MAKING THE GRADE: Kansas fell 11 spots from 35th last year to 46th this year among the 50 states in terms of spending transparency.
By Travis Perry │ Kansas Watchdog
OSAWATOMIE, Kan. — The results are in, and the news isn’t good: Kansas continues to plummet in state spending transparency rankings, and it barely squeaked by with a grade of D-minus, according to a report by the U.S. Public Interest Research Group.
Now normally we take PIRG’s findings with a grain of salt; while they state they’re non-partisan, they’re a noticeable shade of blue. But its recent report, “Following the Money 2014,” delves into the nitty-gritty transparency details folks on both sides of the aisle can appreciate.
The most eye-popping aspect of this year’s dataset is Kansas’ 11-spot drop in the rankings. Last year’s report pegged the Sunflower State at an overall grade of C-minus at 35th place, but this year Kansas fell to 46th and was one point shy of receiving a big, fat F.
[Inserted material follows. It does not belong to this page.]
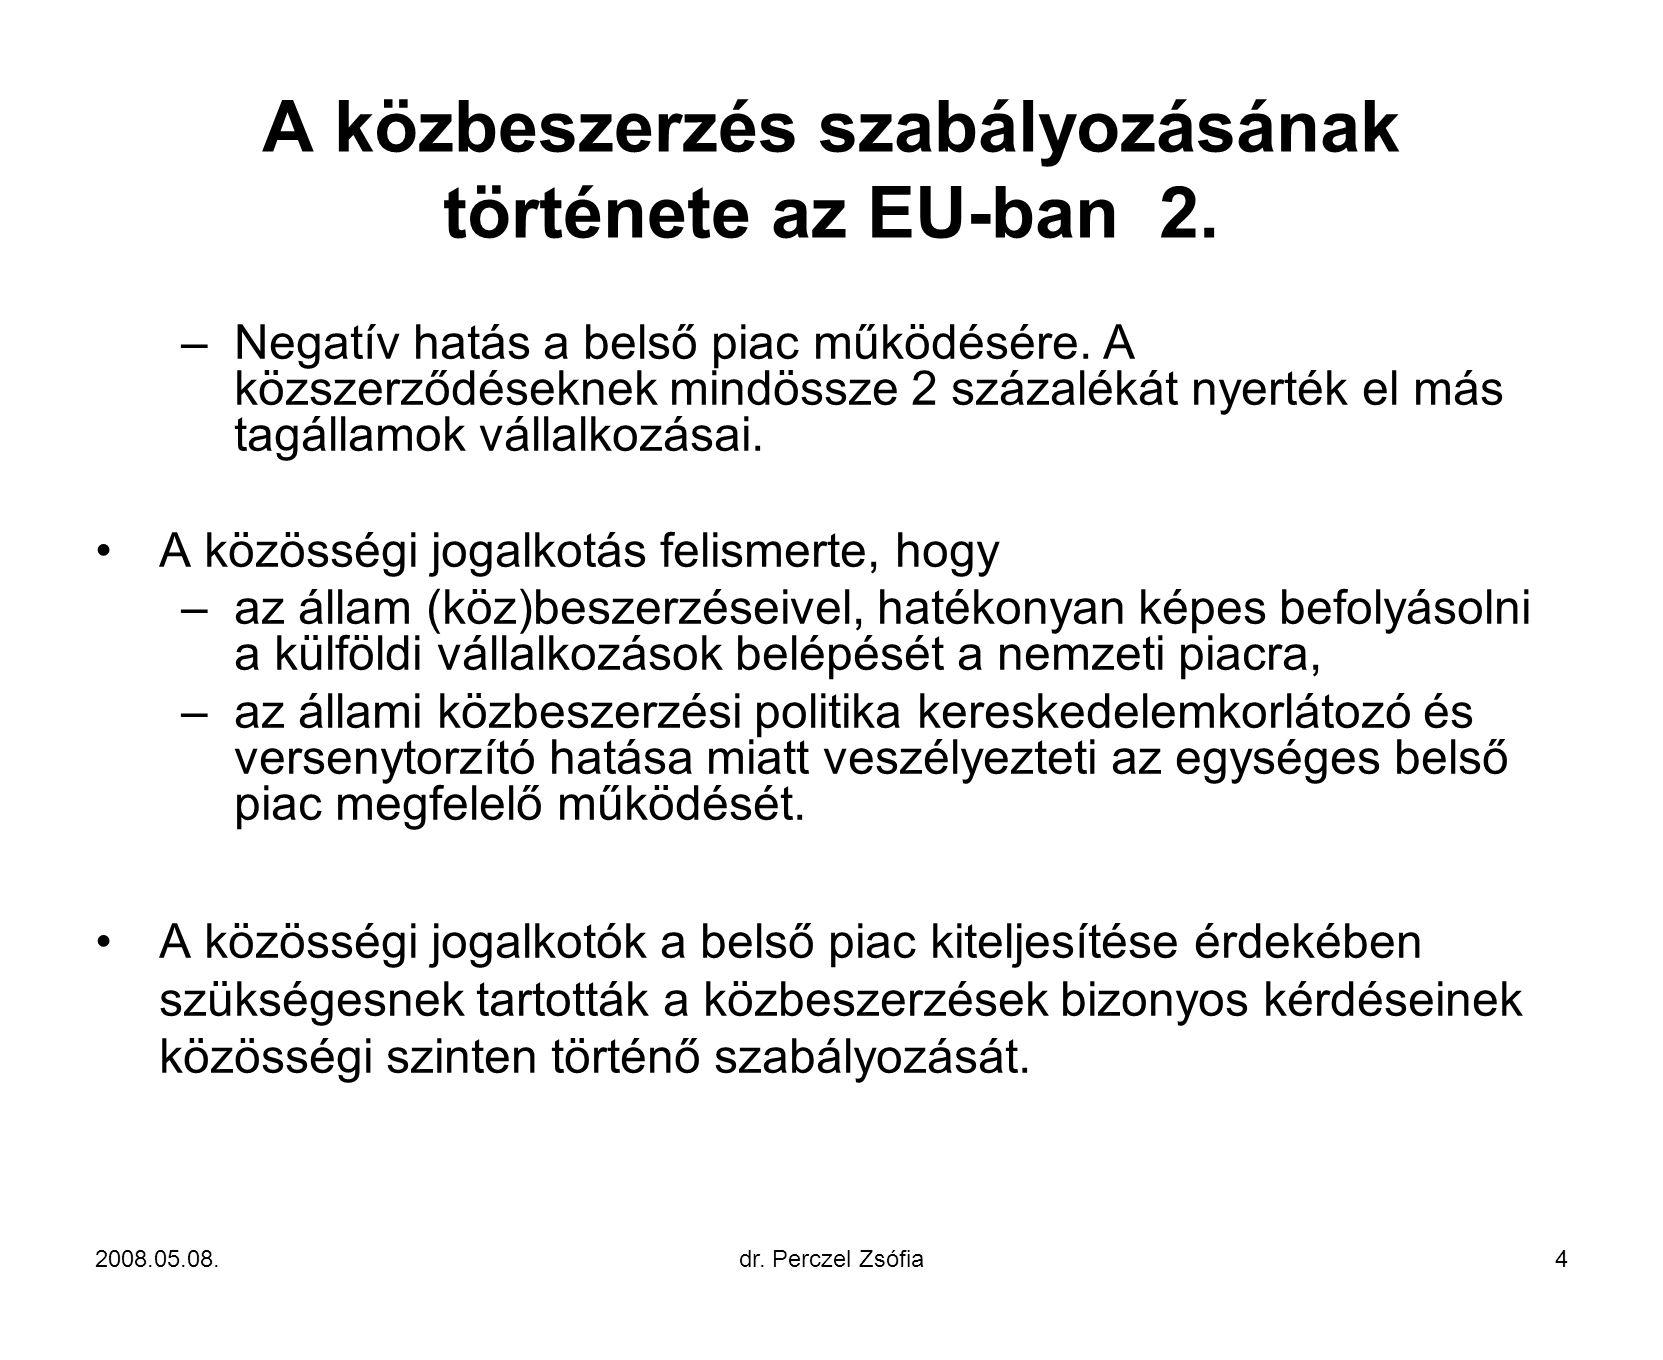 A közbeszerzés szabályozásának története az EU-ban 2.

Phineas Baxandall, senior analyst for tax and budget policy with PIRG, said Kansas hasn’t necessarily been getting worse — standards and expectations are just getting higher.
“A state has to really be improving even to maintain the same score,” Baxandall told Kansas Watchdog, citing advancements in technological capabilities for raising the bar. “The expectations the public has for information have heightened over time, and our scoring has similarly gotten tougher.”
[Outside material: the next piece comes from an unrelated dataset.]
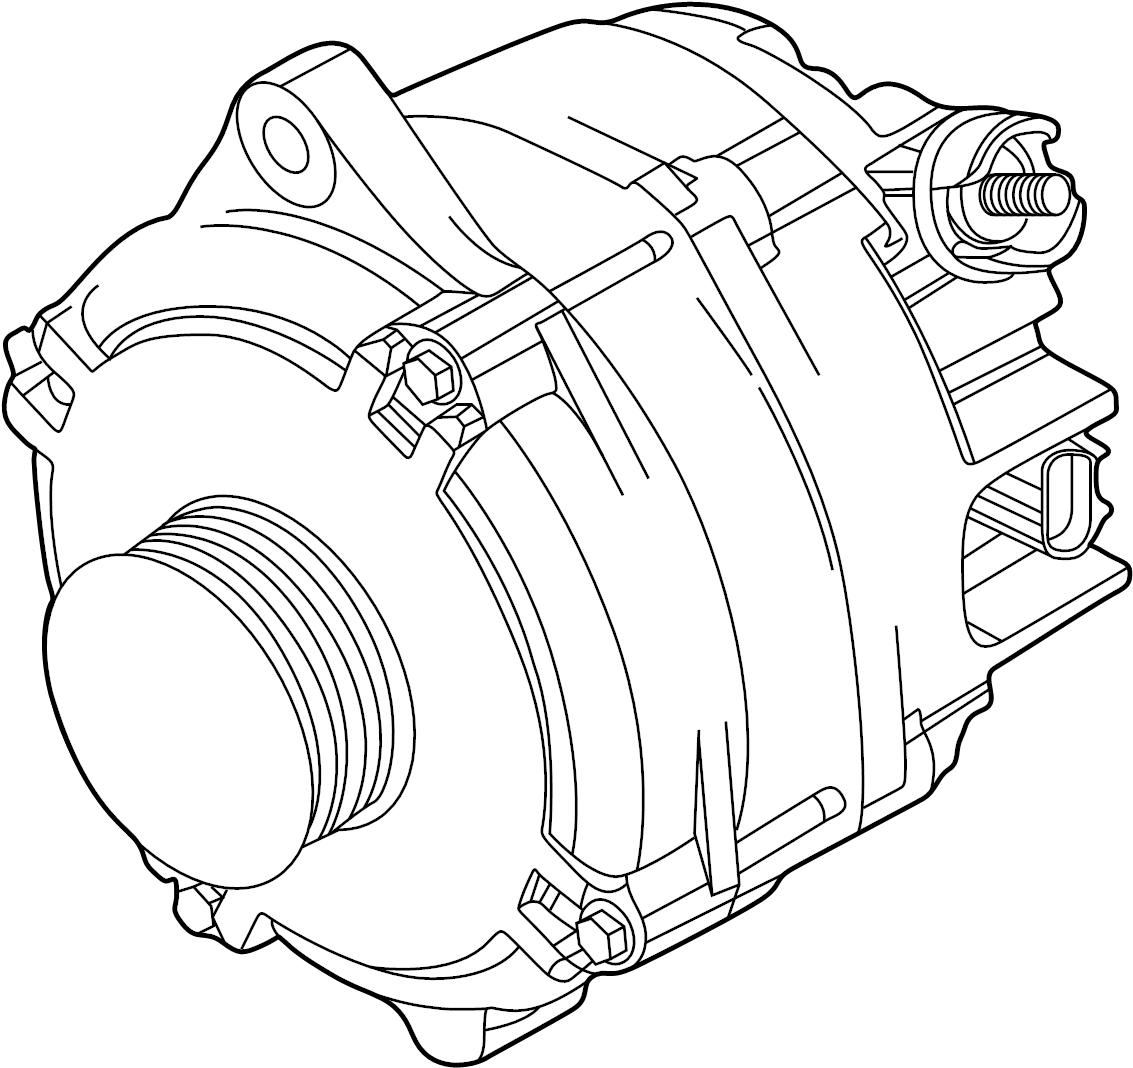 2015 Ford Explorer Alternator Amp Liter Wturbocharger

“What Kansas now gets a D-minus for would have done much better years ago with the same transparency functions,” he added.
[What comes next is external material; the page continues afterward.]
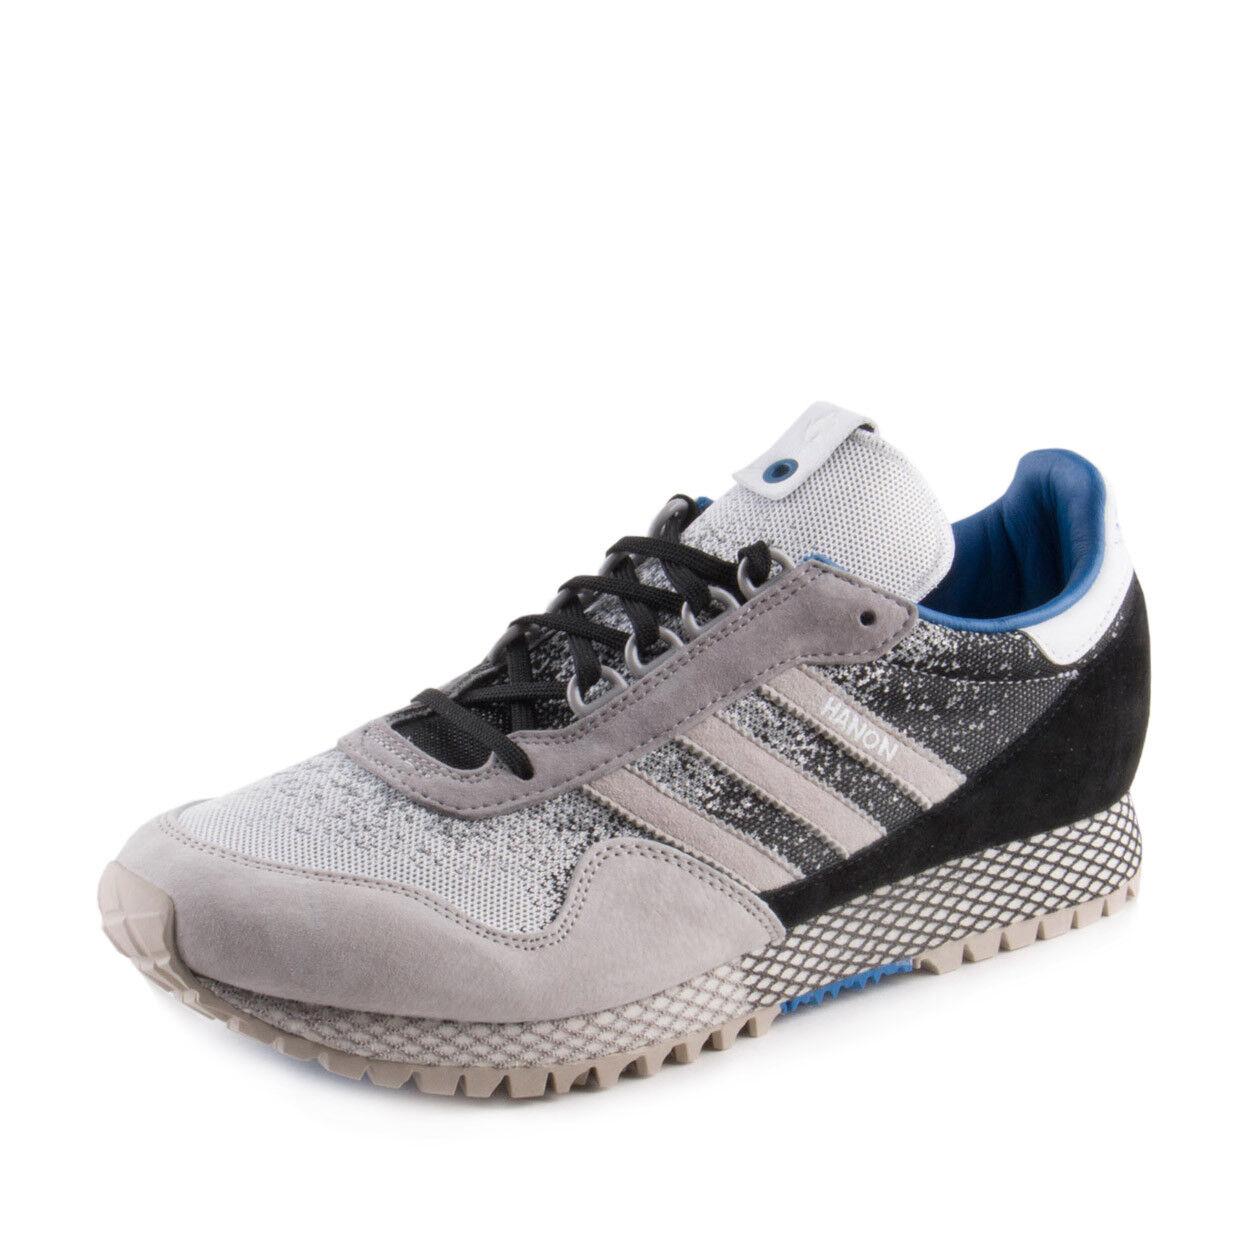 Adidas Hombre Nuevo York Hanon CM7878 X

Among the biggest knocks on the state is an inability to search its online spending site, kanview.ks.gov, for expenditures by keyword.
“If you already know what vendor you’re looking for with a contract, or you know the bureaucratic agency giving that contract, you’ll be able to find it,” Baxandall stated. “But if you want to know what the state spends on tires, there’s no way to just search that.”
Kansas also lost points for poor transparency regarding economic-development-program spending and the inability for people to download the entire spending data set.
Dave Trabert, president of the fiscally conservative Kansas Police Institute, said the state’s transparency infrastructure is nowhere close to where it needs to be.
“There is so much money that’s allocated that legislators never really see, citizens never really see,” Trabert said. “Money that comes off the top that’s not included in a budget process, you don’t see where that money goes.”
In an ideal world, Trabert said, Kansas would alter its budgetary practices to allow for greater transparency and implement changes to show every transaction, no matter how small.
“Nothing that’s off budget, off books, nothing that’s tax expenditures, no such thing,” Trabert said. “Record revenues where they flow and record expenditures.”
One fascinating nugget of information uncovered by PIRG researchers was how transparency doesn’t adhere to political boundaries. PIRG’s report was unable to find any correlation between a state’s political leanings and its level of transparency.
Kansas at least wasn’t dead last, for whatever that’s worth. We beat out Idaho, Alaska and California.